Risk assessment#
A workflow from the CLIMAAX Handbook and MULTI_infrastructure GitHub repository.
See our how to use risk workflows page for information on how to run this notebook.
In this notebook, the calculation of risk associated with the variable under examination will be shown. Pandas dataframes will be presented which, in the example, show nine airports - the operator will need to modify the list of airports by adding/modifying names. The same concept applies to exposure and vulnerability indicators - indicators will be presented that can be expanded or modified by the user. The only mandatory thing is that the framework was conceptualized for at least two airports
Preparation work#
Import libraries#
import os
import matplotlib.pyplot as plt
import numpy as np
import pandas as pd
import scipy.spatial
import xarray as xr
import contextily
import plotly.express as px
Area of interest#
Specify the same name as in the the hazard assessment to continue with the results of these notebooks.
region_name = 'IT'
Path configuration#
# Path to the folder containing the NetCDF files
indicators_path = f'../data_{region_name}/indicators/uerra'
# Folder to save the csv file where average exposure and vulnerability are going to be stored
csv_folder_path = f'../data_{region_name}/indicators/vulnerability_exposure'
os.makedirs(csv_folder_path, exist_ok=True)
Define the airports#
List the airports and their coordinates.
airports = [
'Milano Malpensa', 'Milano Linate', 'Bergamo Orio al Serio',
'Roma Fiumicino', 'Roma Ciampino', 'Napoli Capodichino',
'Palermo Punta Raisi', 'Catania Fontanarossa', 'Cagliari Elmas'
]
Tip
Enter the locations of your choice here. At least two locations must be defined for the methodology to work.
def to_dataframe(dct):
idx = pd.Index(airports, name="airport")
return pd.DataFrame(dct, index=idx, dtype=float)
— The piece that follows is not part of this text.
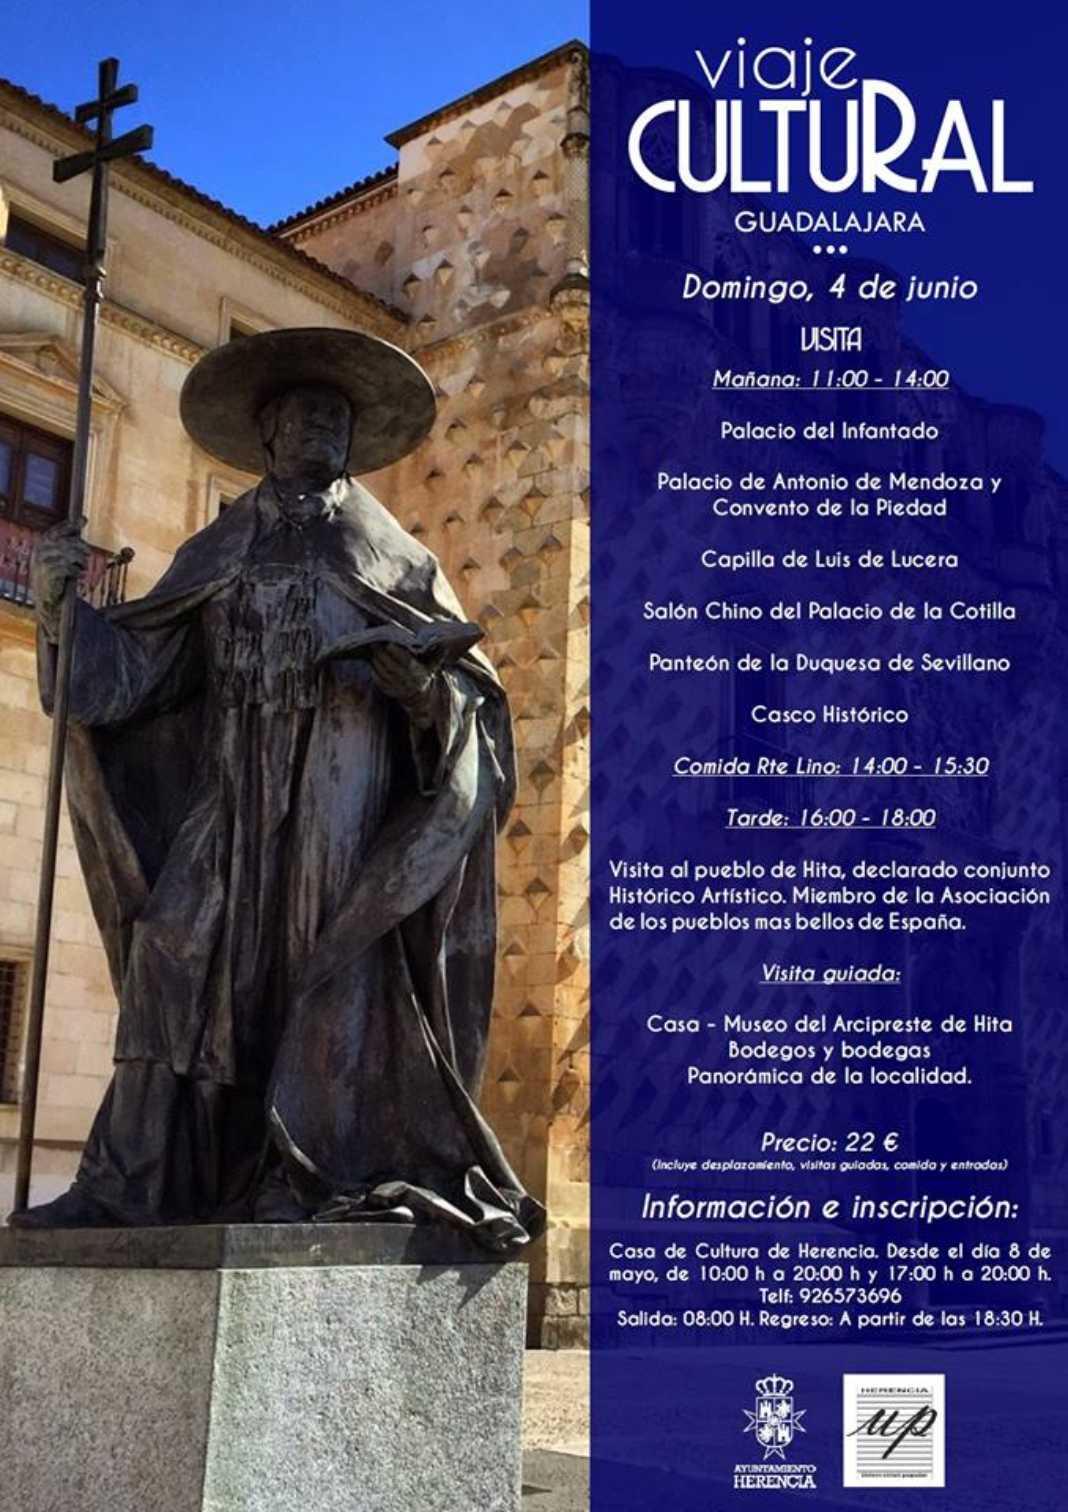 El Ayuntamiento organiza un Viaje Cultural a Guadalajara. 2

# List coordinates in the order of the locations from above (°N, °E)
coords = to_dataframe({
"latitude": [45.63, 45.45, 45.67, 41.80, 41.80, 40.88, 38.18, 37.47, 39.25],
"longitude": [8.73, 9.28, 9.71, 12.25, 12.59, 14.29, 13.10, 15.07, 9.06]
})
# Check that the coordinates are correctly associated with the airports
coords
| latitude | longitude | |
|---|---|---|
| airport | ||
| Milano Malpensa | 45.63 | 8.73 |
| Milano Linate | 45.45 | 9.28 |
| Bergamo Orio al Serio | 45.67 | 9.71 |
| Roma Fiumicino | 41.80 | 12.25 |
| Roma Ciampino | 41.80 | 12.59 |
| Napoli Capodichino | 40.88 | 14.29 |
| Palermo Punta Raisi | 38.18 | 13.10 |
| Catania Fontanarossa | 37.47 | 15.07 |
| Cagliari Elmas | 39.25 | 9.06 |
fig, ax = plt.subplots(1, 1)
ax.scatter(coords.longitude, coords.latitude, color="k")
ax.set_xlabel("Longitude [°E]")
ax.set_ylabel("Latitude [°N]")
contextily.add_basemap(ax, crs="EPSG:4326", attribution=False)
Component normalization#
The aim of normalization processes is to transform the values of these indicators, which are measured at different scales and in different units, into comparable values considered on a common scale (Master Adapt, 2018). We used the Min-Max method to transform all values to scores in a range from 0 to 1, where the value 0 represents the optimal level, while the value 1 reflects the most critical estimates:
def normalize_columns(df):
return (df - df.min()) / (df.max() - df.min())
Hazard: temperature and precipitation#
Load the hazard indicator data produced by the hazard assessment notebook and extract the information for the airport locations specified above.
def load_all(files):
"""Load data based on a name-to-file mapping"""
das = []
for name, file in files.items():
path = os.path.join(indicators_path, file)
if name == "*":
ds = xr.open_dataset(path)
das.extend(ds.data_vars.values())
else:
da = xr.open_dataarray(path)
das.append(da.rename(name))
return xr.merge(das, compat="override")
def extract_points(ds, points):
"""Extract data from the dataset for a set of points"""
grid = np.column_stack([
ds["latitude"].values.flatten(),
ds["longitude"].values.flatten()
])
tree = scipy.spatial.cKDTree(grid)
_, closest_idx = tree.query(coords.values, k=1)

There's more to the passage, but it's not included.